## What to do:
Leave the pictures out and return every line below exactly.

## Given information:
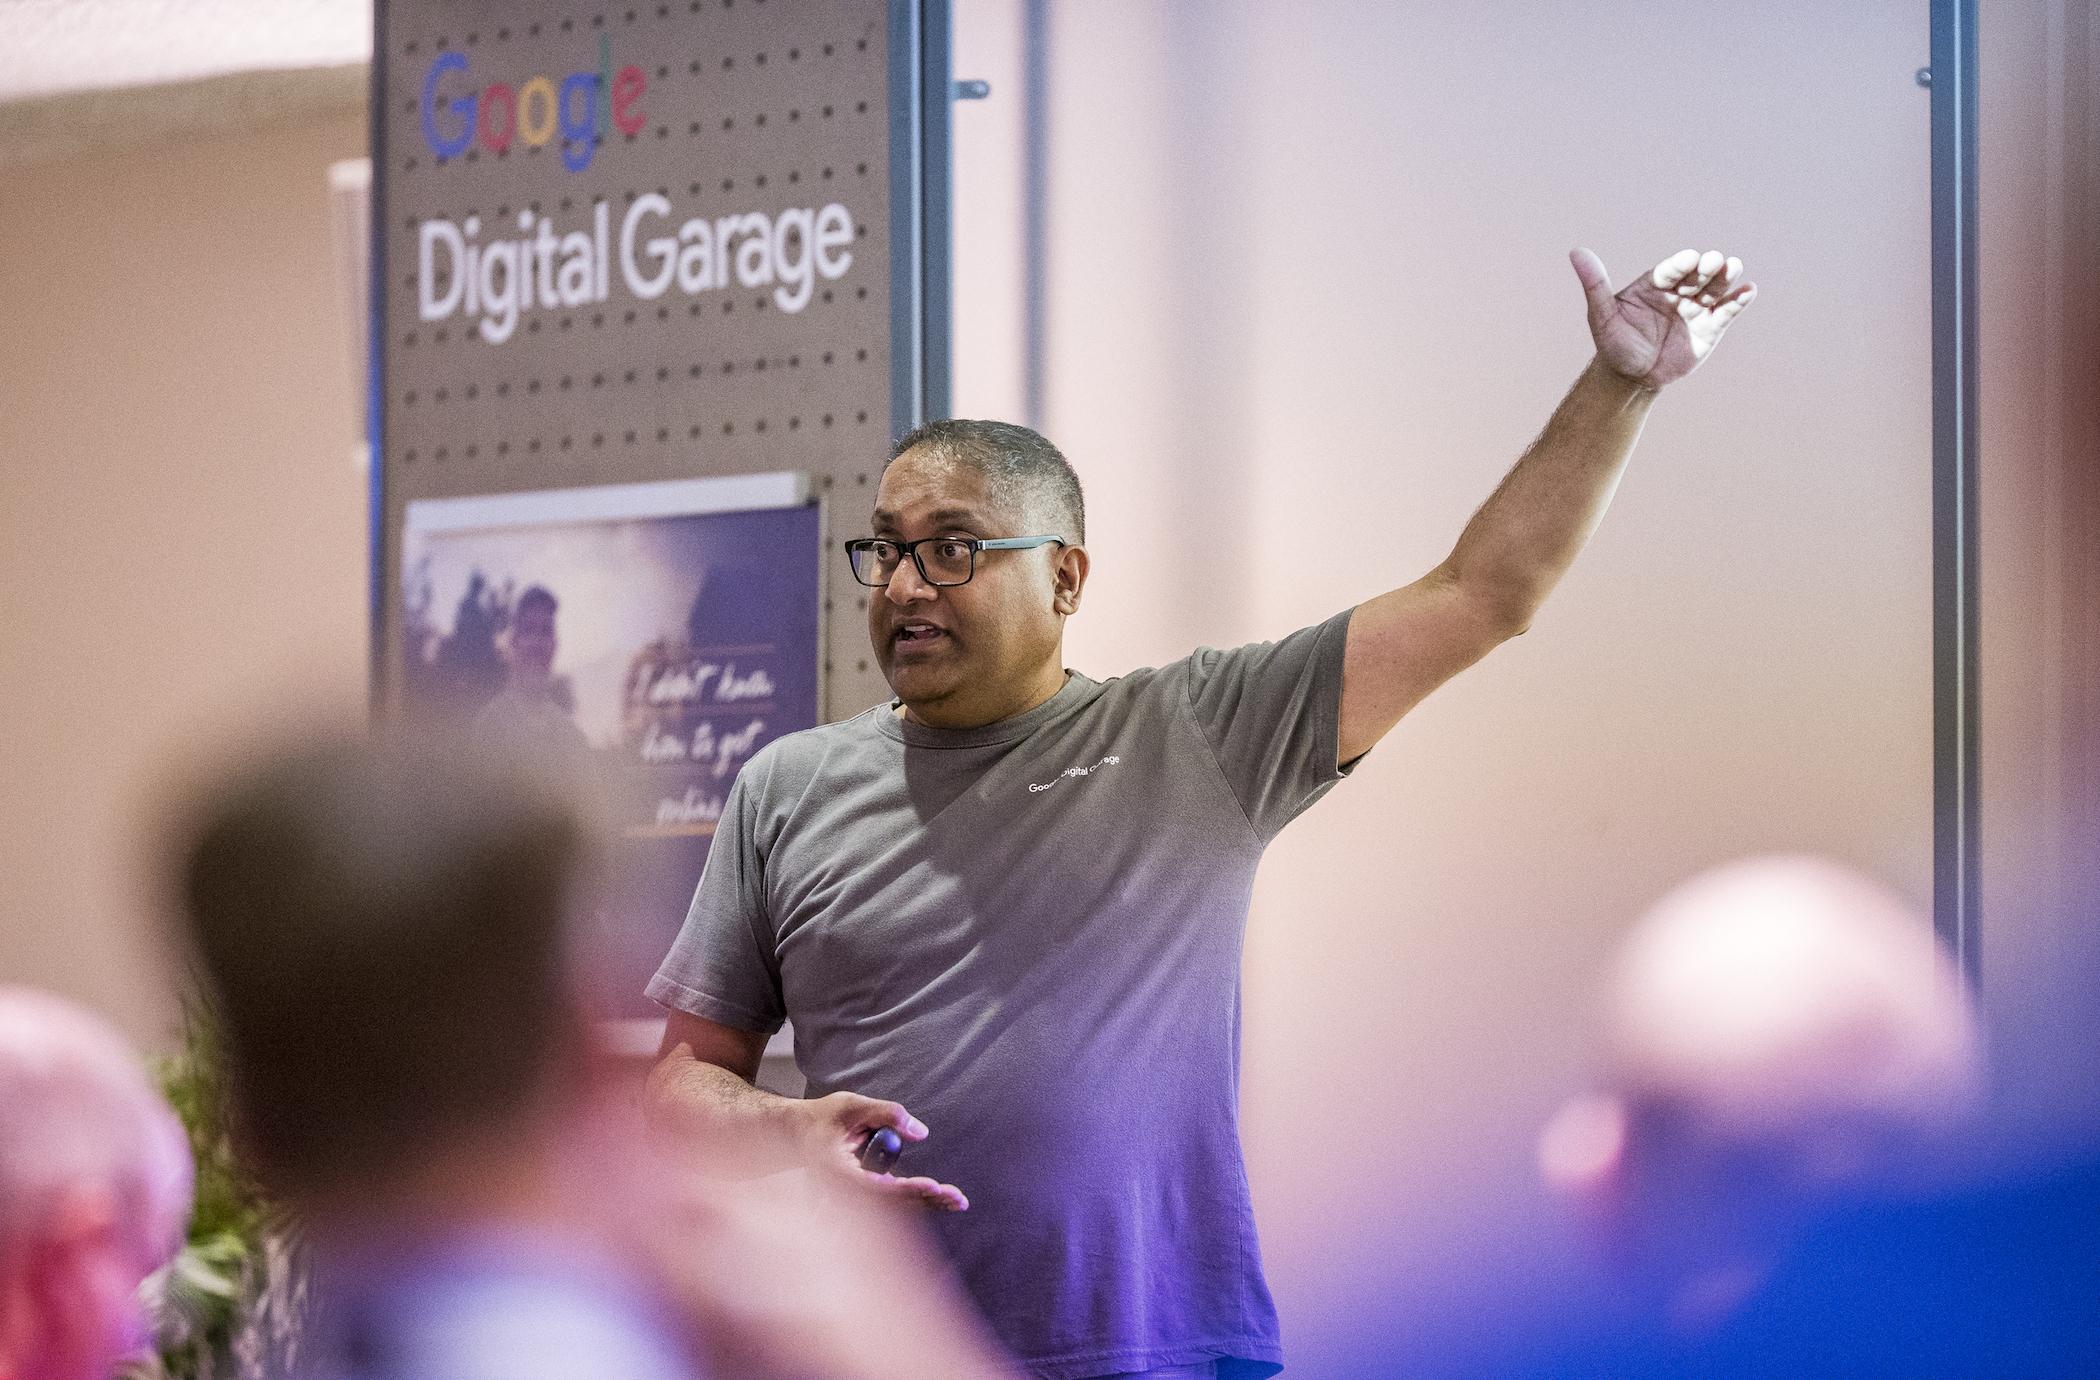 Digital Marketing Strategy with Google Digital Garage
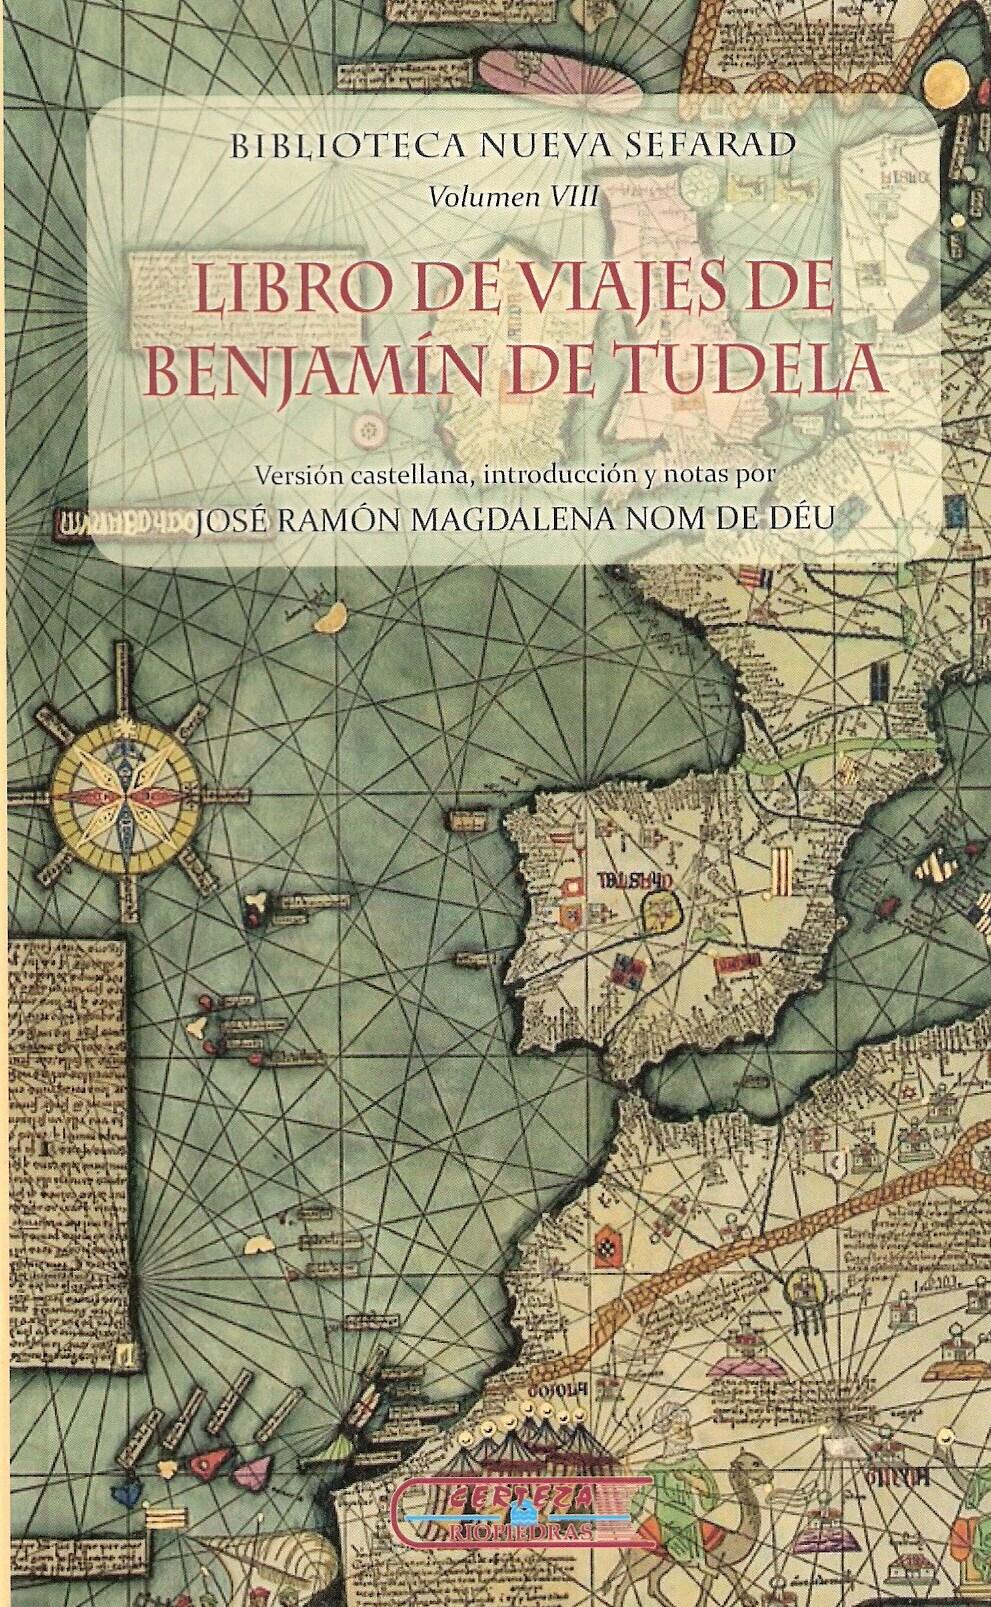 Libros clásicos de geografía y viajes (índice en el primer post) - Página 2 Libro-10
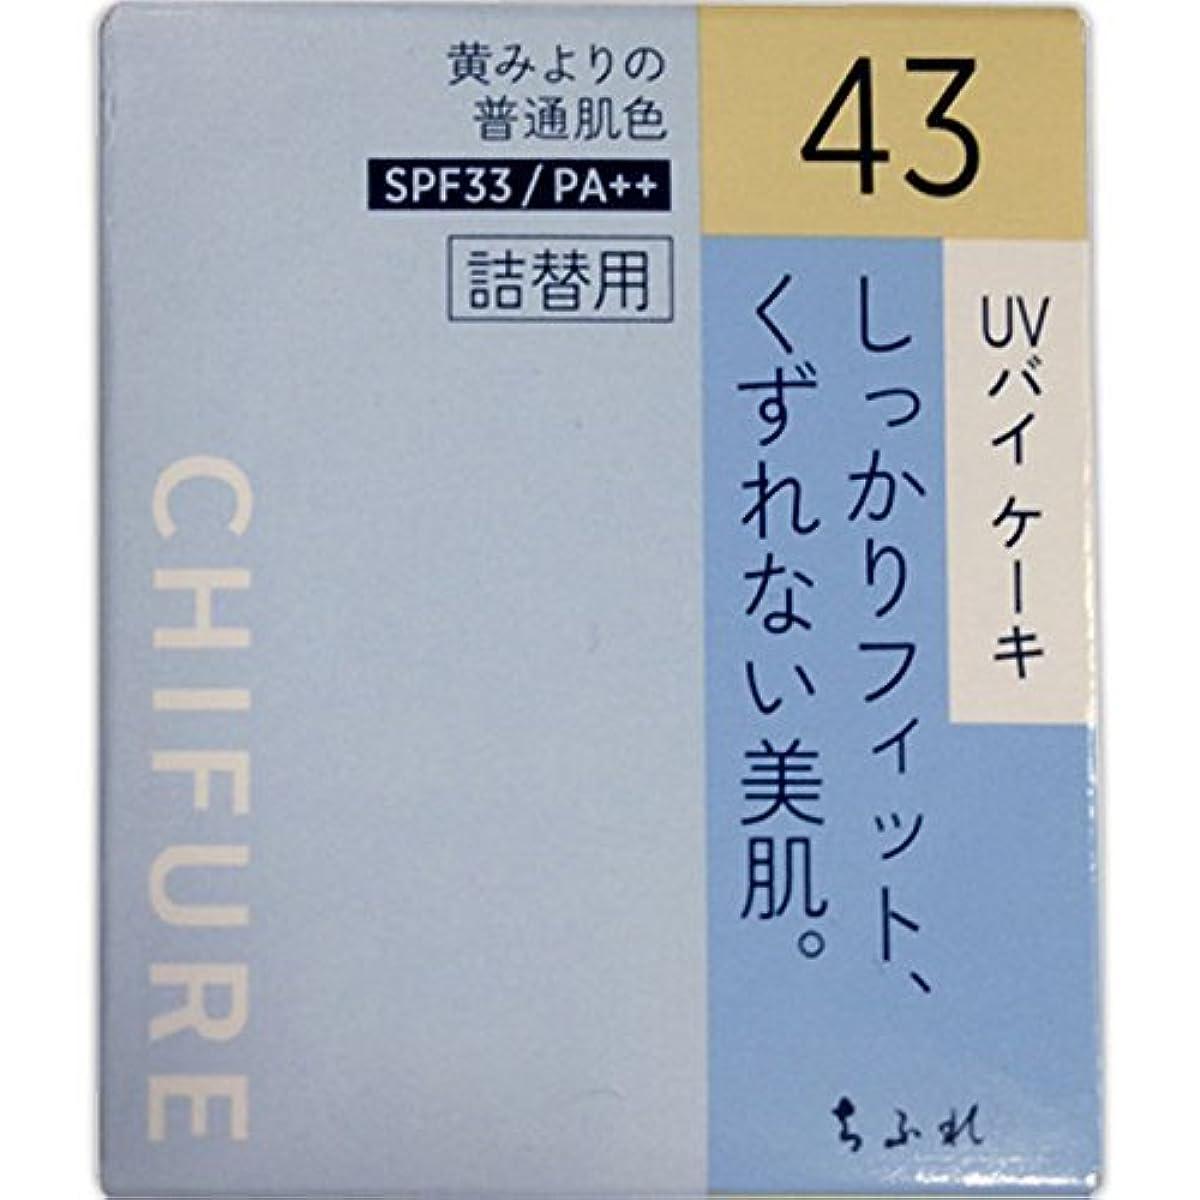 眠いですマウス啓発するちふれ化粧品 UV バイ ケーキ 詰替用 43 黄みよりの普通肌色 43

## Answer area:
 Digital Marketing Strategy with Google Digital Garage
 Libros clásicos de geografía y viajes (índice en el primer post) - Página 2 Libro-10
 眠いですマウス啓発するちふれ化粧品 UV バイ ケーキ 詰替用 43 黄みよりの普通肌色 43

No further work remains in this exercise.